Lauren Kroesser, pastry chef at Island Creek Oyster Bar

Lauren Kroesser Michael Harlan Turkell for Island Creek Oyster Bar

"My tip for home bakers trying to up their game would be to think about the finishing touches that can make homemade desserts special. If you're making brownies, top them with a shiny (and easy!) dark chocolate glaze and toasted coconut, or cream cheese frosting and toasted pecans. Use a very hot knife to cut perfect squares and plate them on a nice platter, evenly spaced out. A couple other examples are using a piping tip instead of a butter knife to frost cupcakes and adding sprinkles or shaved chocolate as a topping. Sometimes just one extra touch will turn the same cupcake or brownie recipe into something magnificent and professional."

Lilah Rogoff, pastry chef at Catalyst

Lilah Rogoff Provided

"Buy a scale. The amount of flour in a cup can vary greatly based on how much it is packed in. Weighing in metrics is way more precise, and it’s easy too! You don’t have to bend down and stare at your measuring cup and try to figure out if your sugar is level."

Maria Cavaleri, executive pastry chef of Big Night Entertainment Group (Empire Asian Restaurant & Lounge, Red Lantern, and GEM)

"Don’t be afraid to experiment! Everyone thinks baking is such a science, but people should play around with flavors and throw in what they like."

Marissa Rossi, executive pastry chef at Puritan & Co.

Marissa Rossi Provided

"Don't take shortcuts; it's not worth it in the end! More often than not, the end product ends up in the garbage because it's sub-par or totally ruined. When I was a pastry cook, I tried to take shortcuts; I always had to throw the product out and start over."

Meghan Thompson, pastry chef at Townsman

"Have a game plan! Most desserts have several components and can be made in stages, or over a week's time. That way, the day of a family holiday or get-together, all you have to do is assemble or bake and put finishing touches on!"
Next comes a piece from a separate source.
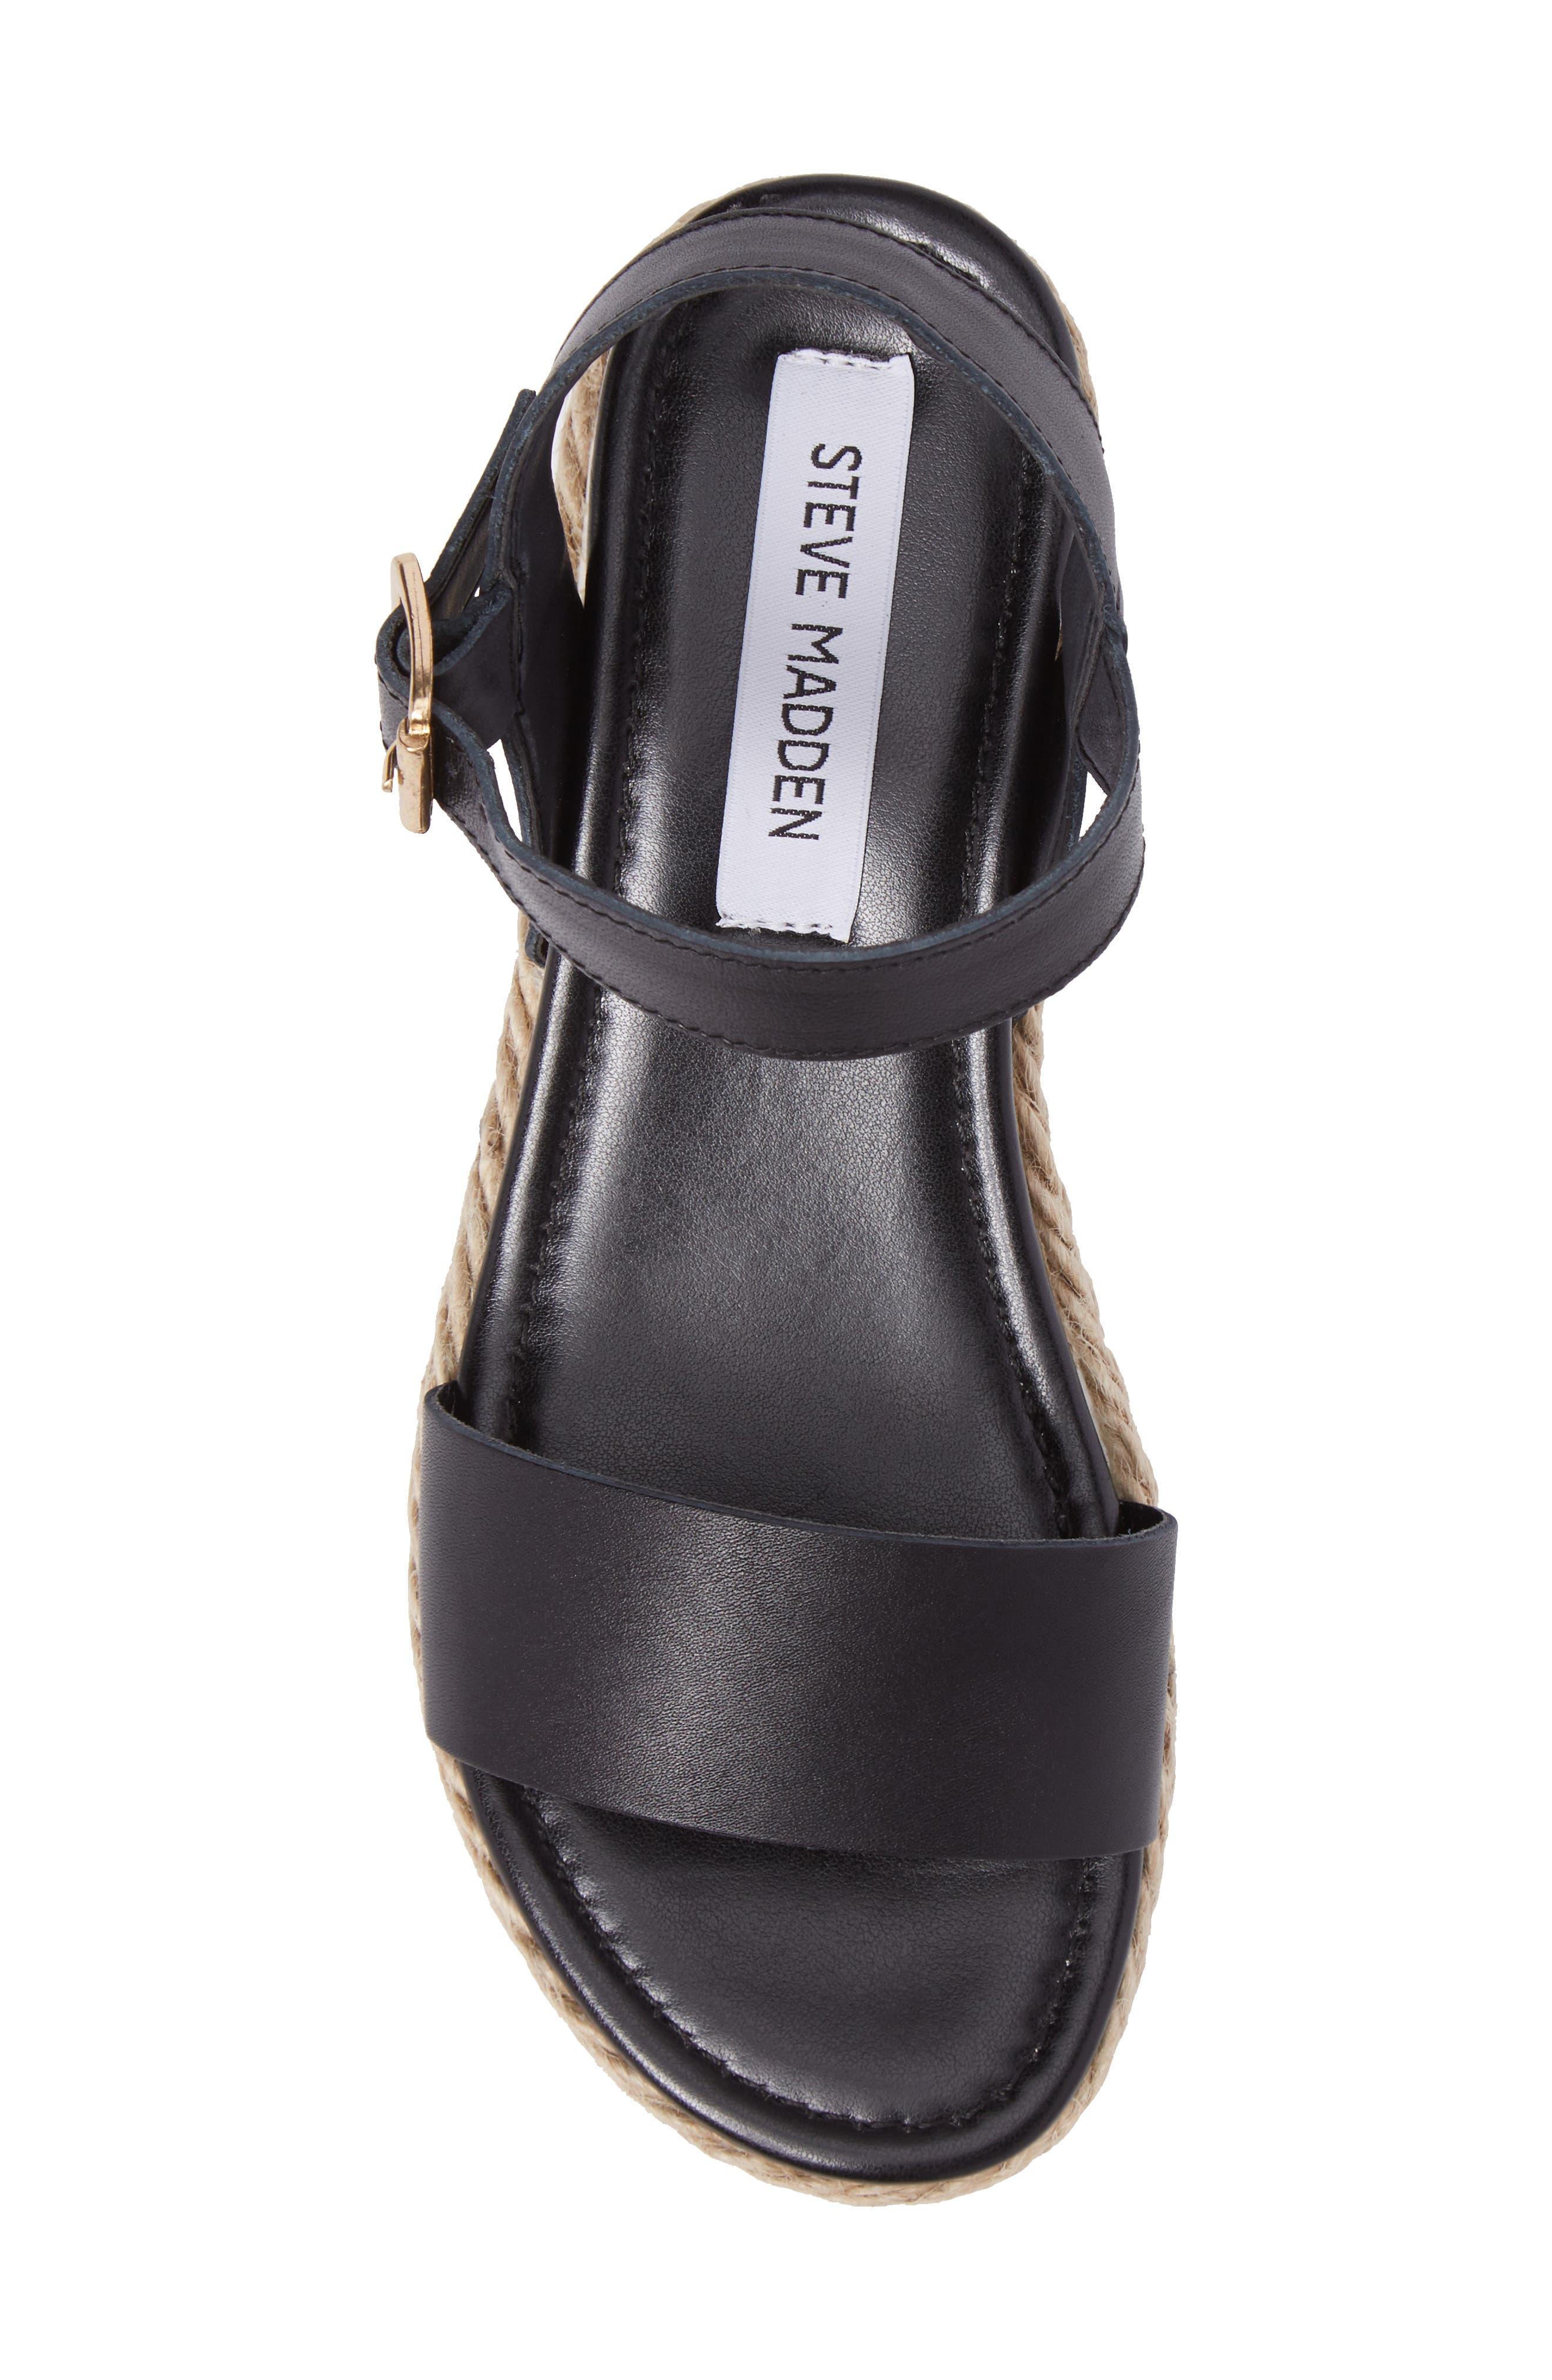 STEVE MADDEN, Chiara Platform Espadrille Sandal, Alternate thumbnail 5, color, BLACK LEATHER

Michelle Boland, pastry chef at Davio's Lynnfield

"If home bakers are trying to up their game, I would suggest using any recipe as more of a guide than something set in stone — doing some research on different substitutions, flavors, and potential mix-ins could help create something awesome!"

Nathan Kibarian, pastry chef at Bastille Kitchen

"If you mess up, try and try again. There’s no way you’ll improve at something if you don’t practice. Start with an item that you enjoy to eat, and learn how to make it. Once you begin to tackle larger and more complicated items, your repertoire will grow, and you will start to hone in on your skills. Once you have the basics down, then you can really begin to experiment with flavors and ingredients with confidence. Also, make sure you are using ingredients at the proper temperature. There is nothing worse than trying to work with a pie dough or cut-out cookie dough that’s too warm or trying to achieve the highest volume in meringues or other whipped egg items with cold eggs."
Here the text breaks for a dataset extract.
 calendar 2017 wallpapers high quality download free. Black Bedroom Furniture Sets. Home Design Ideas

Rachel Gibeley, pastry chef at Rosebud American Kitchen and Bar

Rachel Gibeley Provided

"Don't be afraid to try something new. Look for a technique that's familiar but has an ingredient that you've never used before. Or vice versa — try a new technique with familiar ingredients. Take your time, and read the recipe twice through before beginning."

Rae Murphy, pastry chef at Porto

"Always use a kitchen scale. Scaling recipes is a great way to learn how ingredients work in proportion with one another, and it makes comparing and combining recipes a breeze."

Robert Differ, pastry chef at Bar Boulud

Robert Differ Provided

"Invest in professional tools and equipment. I would highly suggest a French-style wooden rolling pin as you have more control and can really feel and work your ingredients during preparation."

Robert Gonzalez, pastry chef at Bistro du Midi

Robert Gonzalez Provided

"Having the proper equipment to get the job done. Baking is very technical, and any slight variations can affect your outcome tremendously. That goes from measuring to using the proper equipment to bake and/or cook your delicious goodies."

Shawn Dresser, pastry chef at Boston Harbor Hotel

Shawn Dresser Provided

"Keep it simple. Try to master your technique over glitz."